But what really sets Hermes apart is the second - step evolution.

Hermes has a built - in offline batch evolution algorithm and a separate repository (hermes - agent - self - evolution). The engine uses the DSPy framework, along with a core algorithm called GEPA.

The full name of GEPA is Genetic - Pareto Prompt Evolution. This system was not created by Hermes but comes from an ICLR 2026 Oral paper by Lakshya Agrawal et al., titled "Reflective Prompt Evolution Can Outperform Reinforcement Learning".

Most of the academic circle's work on skill evolution currently follows the RL (Reinforcement Learning) route. Frameworks like SkillRL or SAGE even have "RL" in their names, hoping to strengthen the skill library through gradient updates. But GEPA takes a completely opposite path and deliberately abandons reinforcement learning. The GEPA paper itself is proving that even without gradient updates, relying on the reflection ability of large models and evolutionary algorithms can not only outperform RL but also have higher sample utilization efficiency.

How does it work? This algorithm has three core foundations.

First is Reflective mutation. It's not a random guess - based mutation. The large model will read the previous execution traces, reflect on why it did something right or wrong, and figure out which words in the prompt need to be changed.

Second is Pareto frontier selection. After generating a batch of mutated candidate skills, it doesn't just keep the ones with the highest overall average. As long as a candidate performs best on even one evaluation sample, it will be retained. This is to ensure the diversity and robustness of skill exploration.

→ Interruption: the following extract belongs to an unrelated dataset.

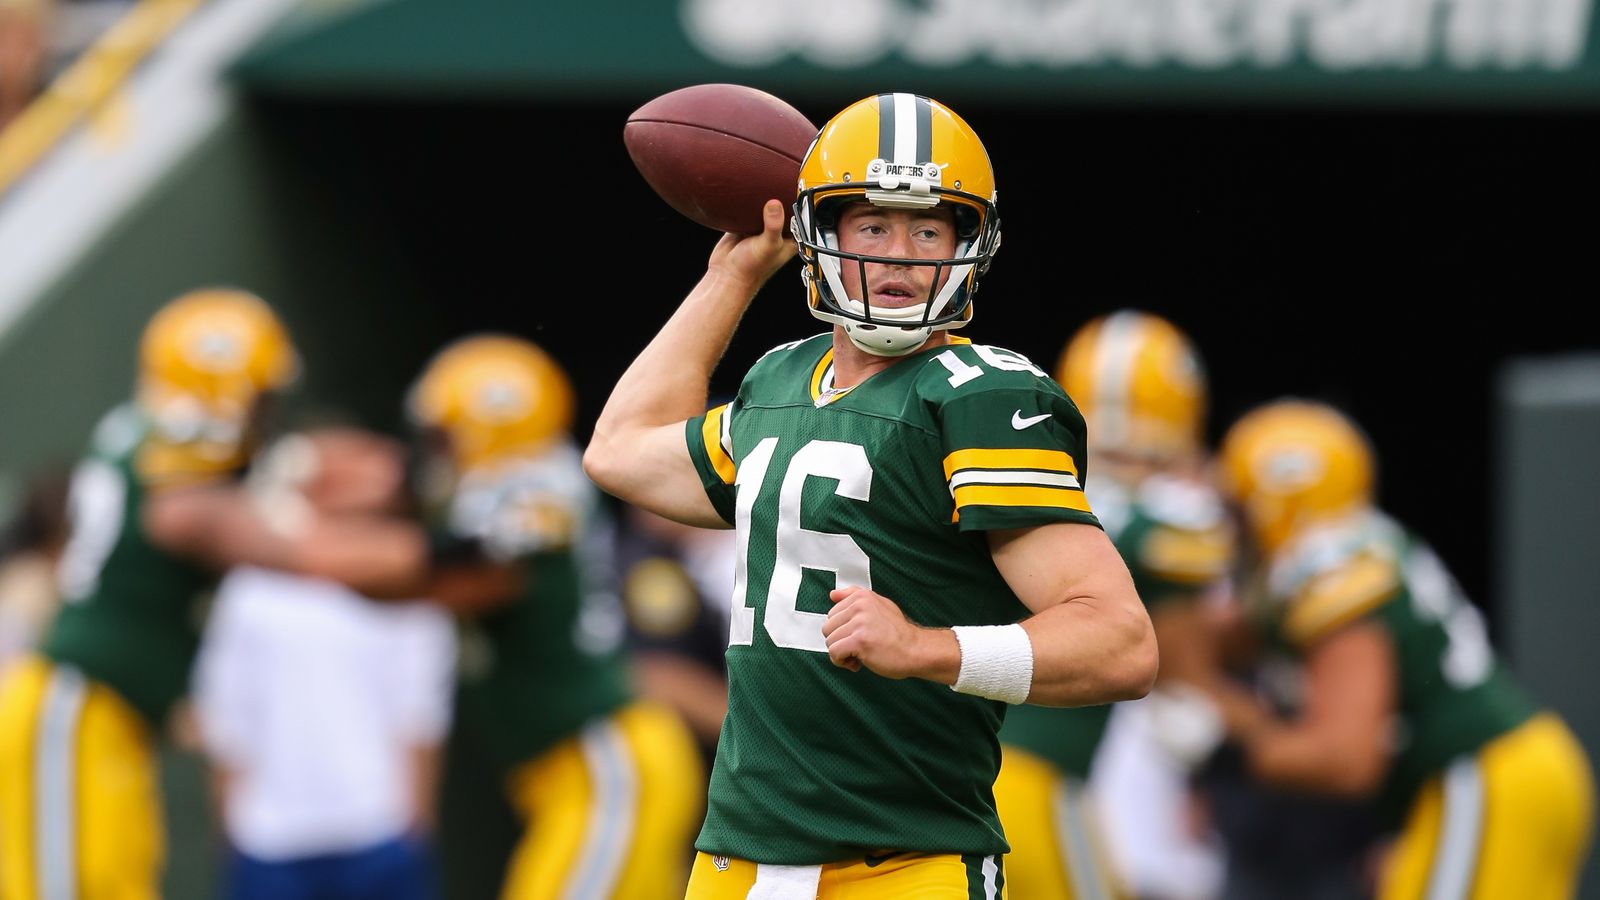 Free Agent to be Scott Tolzien Hoping for a Starting Quarterback Job

Finally, natural language feedback is used as the mutation signal. Traditional RL uses numerical rewards to guide parameter updates, but the numerical signals have a too - coarse granularity. If you get 0.6 points after one run, you don't know what's right or wrong. GEPA uses specific natural language feedback for each mutation, such as "This step didn't check the boundary conditions" or "It should read the configuration first and then write the cache". LLMs can understand this feedback and generate the next - round variants based on it, which is much more effective than interpreting a floating - point number.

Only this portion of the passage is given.